For true Internet Freedom, said users must be free from harm and fear while they are communicating on the Web, said Rebecca MacKinnon, pointing to the Arab Spring protesters and repressive nations. MacKinnon, co-founder of Global Voices Online listed examples of companies selling surveillance technology to nations in the Middle East such as Egypt, which is still using the surveillance infrastructure to spy on Egyptian citizens even though former president Hosni Mubarak was forced out of power.
“Businesses around the world need to conduct human rights due diligence the way they conduct environmental due diligence,” MacKinnon said.
Referring to the NSA’s effort to collect and store data on American citizens, MacKinnon was the first of several conference speakers who questioned whether information being giving “up for the sake of convenience is handled responsibly.”
“Unless there is accountability about how these technologies are deployed around the world, we are not going to have Internet freedom,” MacKinnon said. “And the empowering potential of the Internet will diminish globally. And the commercial value will diminish.”
Asserting that government also encourages the spread of rights, the State Department’s Senior Manager of Internet Freedom Programs Ian Schuler said the State Department has committed $76 million in programming support for Internet freedom efforts over four years, with another $25 million in programming slated for 2012.
The ability to access rights online are determined by technology available to them, not just by government policy, so Schuler said that funding was intended to take advantage of the opportunity for citizens in repressive regimes to hack around censorship.

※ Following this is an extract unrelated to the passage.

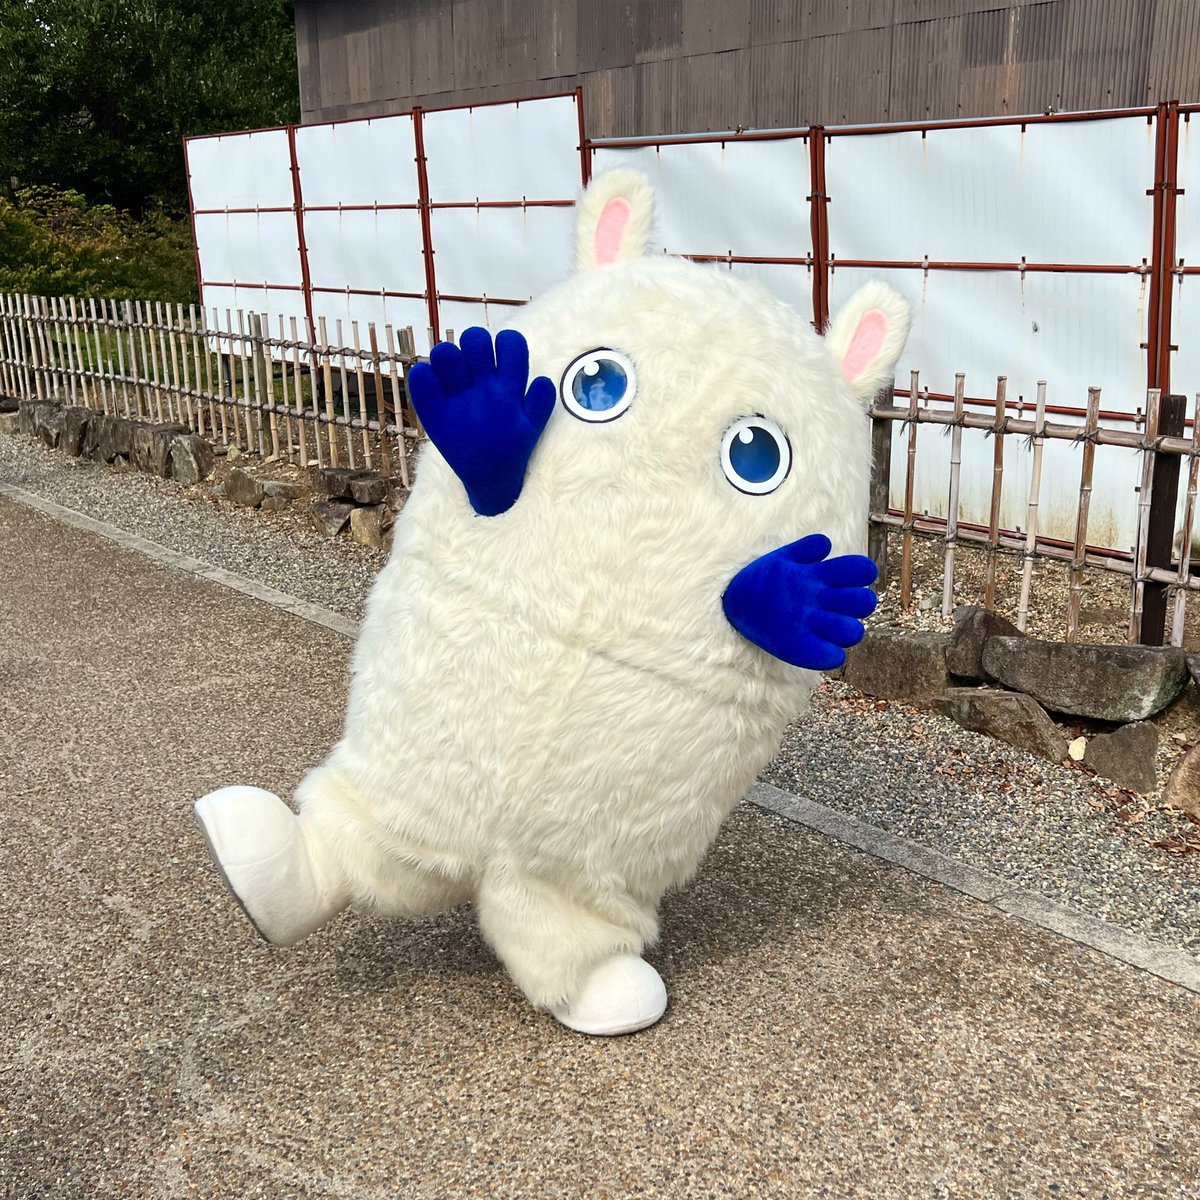 The other day I ran into Tanamin, a white hairy fairy who cures sickness with its big blue hands, and is the mascot of Mitsubishi Tanabe Pharmaceuticals.

Still, he recognized this is only part of the puzzle to secure safe and open access. One example he cited was how to identify “bad technologies” that should be singled out as surveillance tech without more benign computing uses.
“One man’s intrusion detection system is another man’s deep packet inspection,” Schuler said. “At the end of the day companies need to take responsibility and be aware of the folks they are selling to.”
Other speakers Cory Doctorow, an editor of BoingBoing, and Larry Lessig, founder of Stanford’s Center for Internet and Society.
The video chat with Doctorow had a poor signal, but Lessig referred to Doctorow’s article “The Problem With Nerd Politics,” as a calling for the tech-savvy audience to become digital rights activists in government, not just academia and the Web.
“The trouble is getting people who hate politics to devote a chunk of their cycle to doing something about it,” Lessig said.
This sentiment echoed Isenberg’s closing summary on the first day of the conference.
“The freedom to connect will not be given to us. We will have to continue to take it.”